══ Recorded data

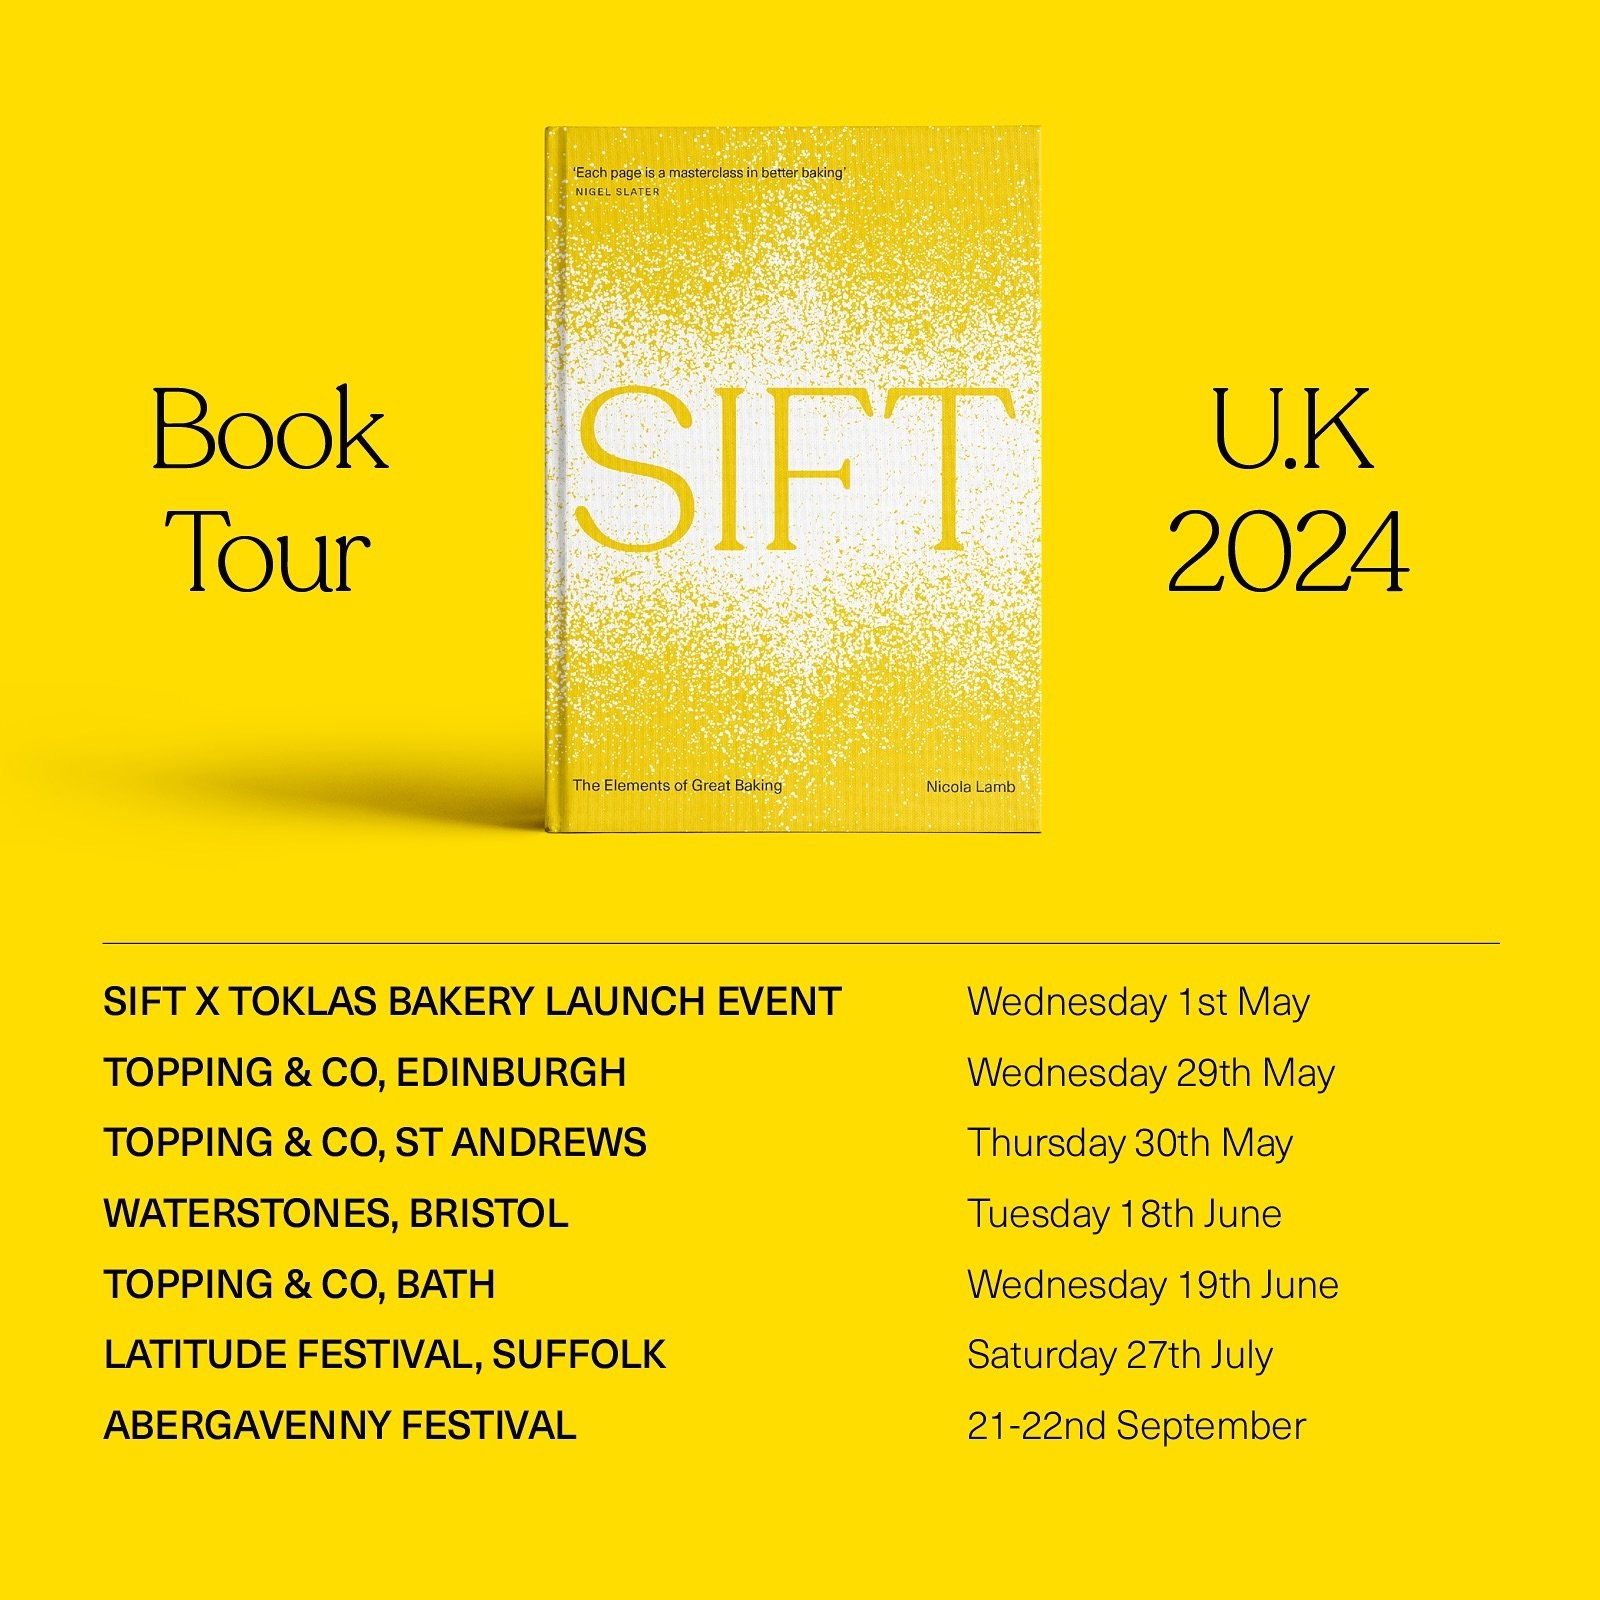 📒 SIFT ON TOUR! 📒

I am so thrilled to announce that I&rsquo;ll be taking SIFT on a book tour around the UK over the next few months! 
I&rsquo;ll be bopping around bookshops &amp; festivals across the country and I am so excited to meet as many of 
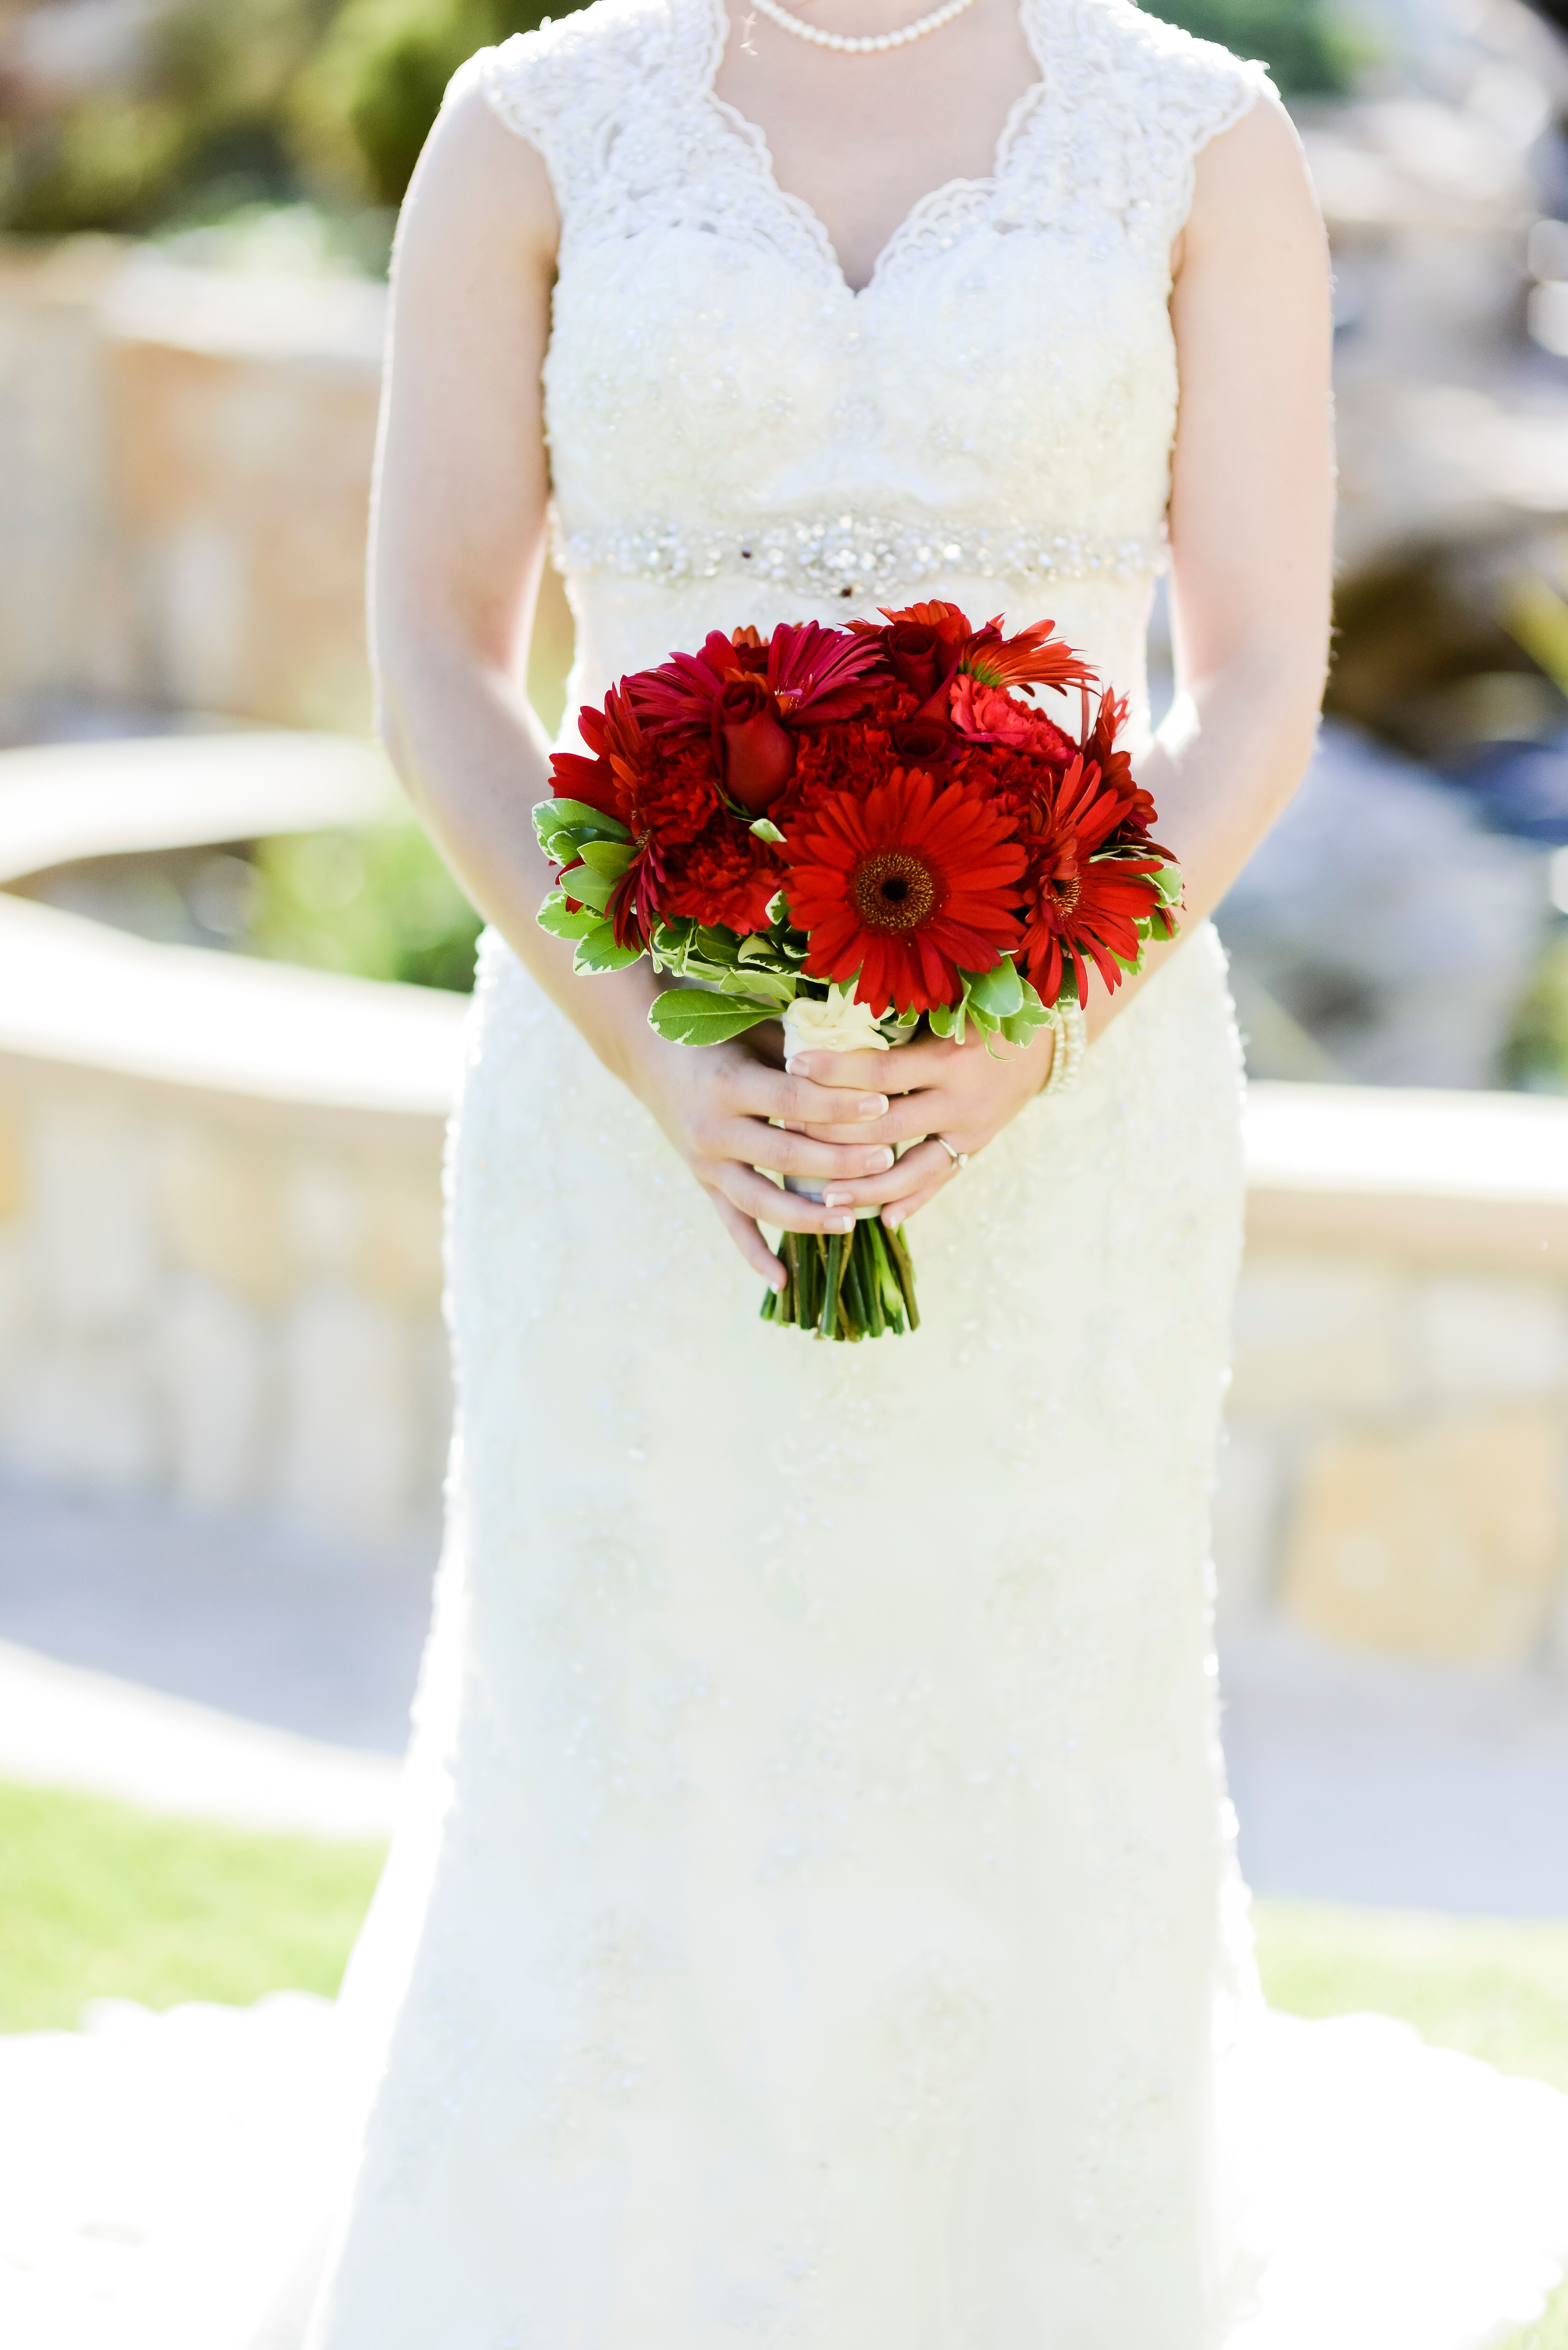 Red Rose and White Daisy Bouquet  Red rose bouquet wedding, Red rose  wedding, White daisy bouquet

════

◆ What you need to do ◆
Write out nothing but the lines from the start of the data through the line with "I&rsquo;ll be bopping". Leave out the pictures.

◆ Exercise result ◆
 📒 SIFT ON TOUR! 📒

I am so thrilled to announce that I&rsquo;ll be taking SIFT on a book tour around the UK over the next few months! 
I&rsquo;ll be bopping around bookshops &amp; festivals across the country and I am so excited to meet as many of 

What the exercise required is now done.